Generell wird auf das Risiko für Sarkopenie und Gebrechlichkeit („frailty“) im Zusammenhang mit Typ-2-Diabetes hingewiesen. Betroffene Patienten befinden sich oft bereits im mittleren Lebensalter in einem Gesamtzustand, der jenem zehn Jahre älterer Gesunder entspricht. Nicht zuletzt wird spezifisch auf die Bedürfnisse unterschiedlicher Altersgruppen eingegangen und Differenzen zwischen Geschlechtern und unterschiedlichen Ethnizitäten werden beleuchtet. In diesem Zusammenhang verweist der Konsensus auf Evidenzlücken bei Patienten sowohl unter 40 als auch über 65 Jahre, da diese Altersgruppen in Studien unterrepräsentiert sind. Bei jüngeren Patienten wird eine stringente Kontrolle des HbA1c empfohlen, für die häufig Kombinationstherapien erforderlich sind.

Konsensusimplementierung in multidisziplinären Teams

Der Konsensus umfasst auch praktische Tipps für Kliniker und Strategien für die Implementierung. Gefordert wird eine integrierte Versorgung, die auch integrierte Teams unterschiedlicher Professionen erforderlich macht. Die lebenslange Natur der Erkrankung ist zu bedenken und dies soll Patienten auch vermittelt werden. Technologien sollten eingesetzt werden, wo immer dies sinnvoll erscheint. Die Kommunikation soll in einer wertschätzenden Sprache erfolgen, Termini wie Diabetiker oder Compliance werden abgelehnt. Die Individualisierung der Therapie erfordert auch die Einbeziehung des Patienten in die Entscheidungsfindung. Komorbiditäten müssen dabei berücksichtigt werden.

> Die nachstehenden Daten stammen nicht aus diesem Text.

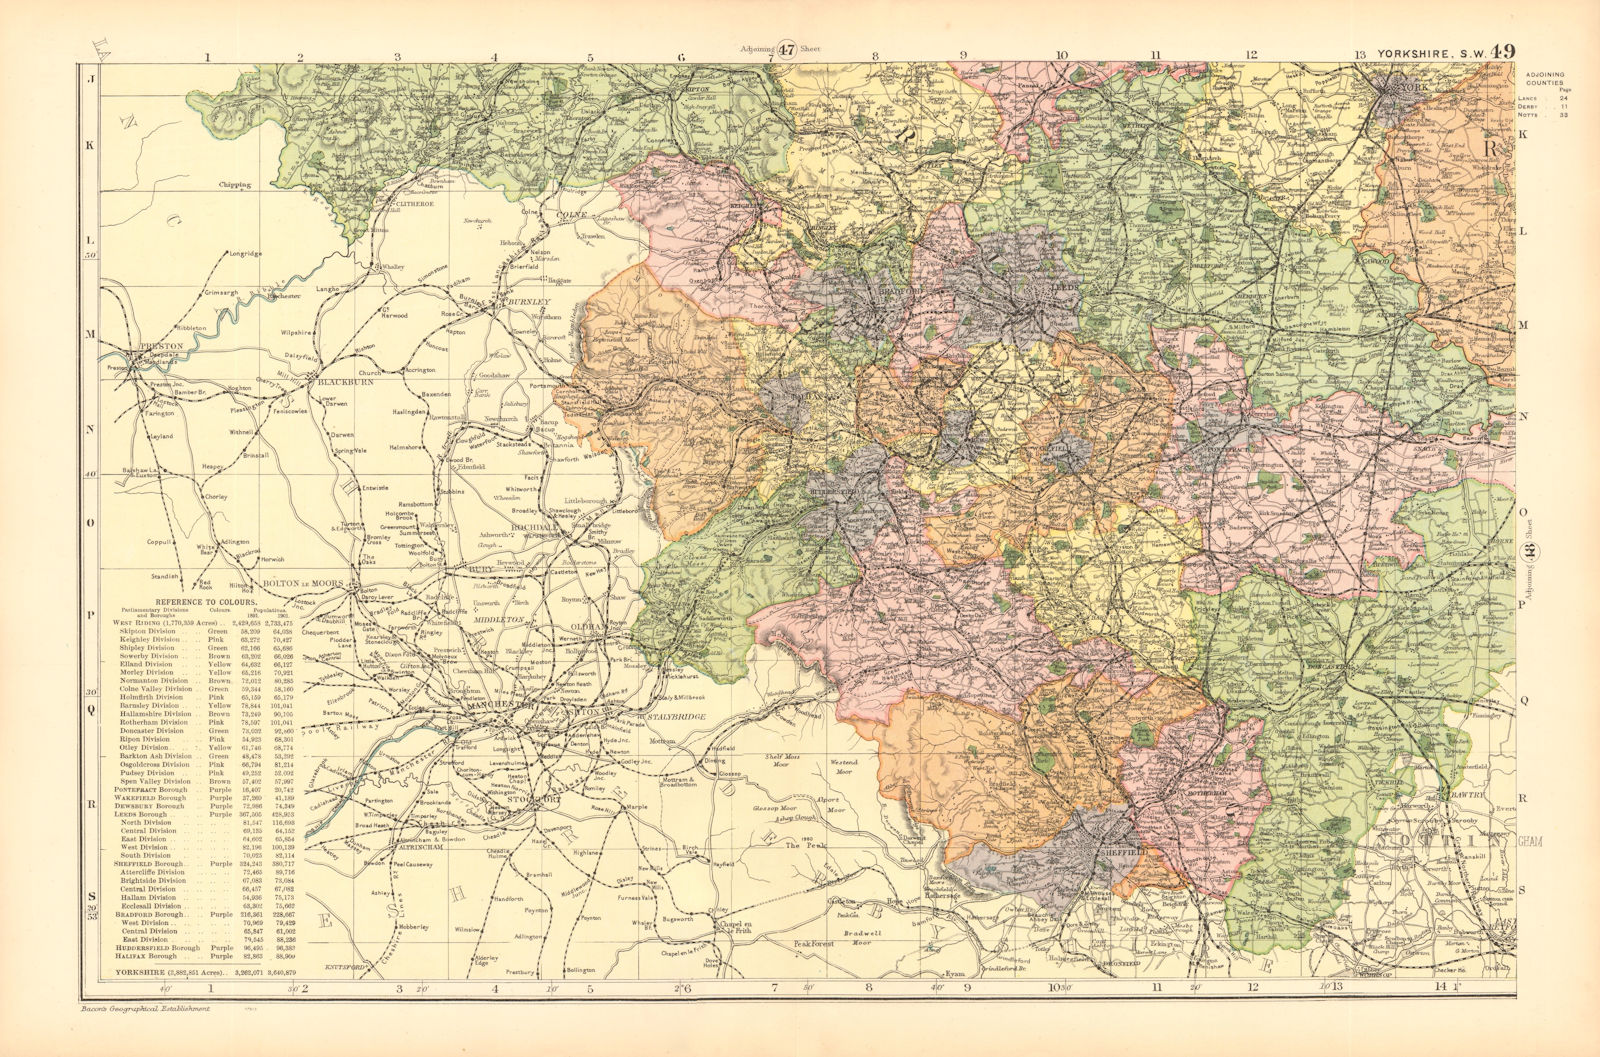 YORKSHIRE (SOUTH WEST). Showing Parliamentary divisions & parks. BACON 1904 map

Edukation („diabetes self-management education and support“, DSMES) erhält ebenfalls einen höheren Stellenwert als in älteren Empfehlungen. Alle Betroffenen sollten DSMES in strukturierter Form und über mindestens zehn Stunden erhalten. Dies sollte nach der Diagnose sowie anlässlich größerer Therapieumstellungen (zum Beispiel vor Beginn einer Insulintherapie) erfolgen.

Vor einer Insulinisierung kann versucht werden, ob sich das angestrebte Ziel nicht auch mit einem GLP-1-RA erreichen lässt. Ist eine Insulintherapie unvermeidlich, wird mit einem Basalinsulin begonnen und die Therapie intensiviert, bis der angestrebte Nüchternzucker erreicht ist. Organ-protektive Antidiabetika und Metformin sollen weitergeführt werden und bei Patienten unter Insulintherapie soll eine kontinuierliche Glukosemessung in Erwägung gezogen werden.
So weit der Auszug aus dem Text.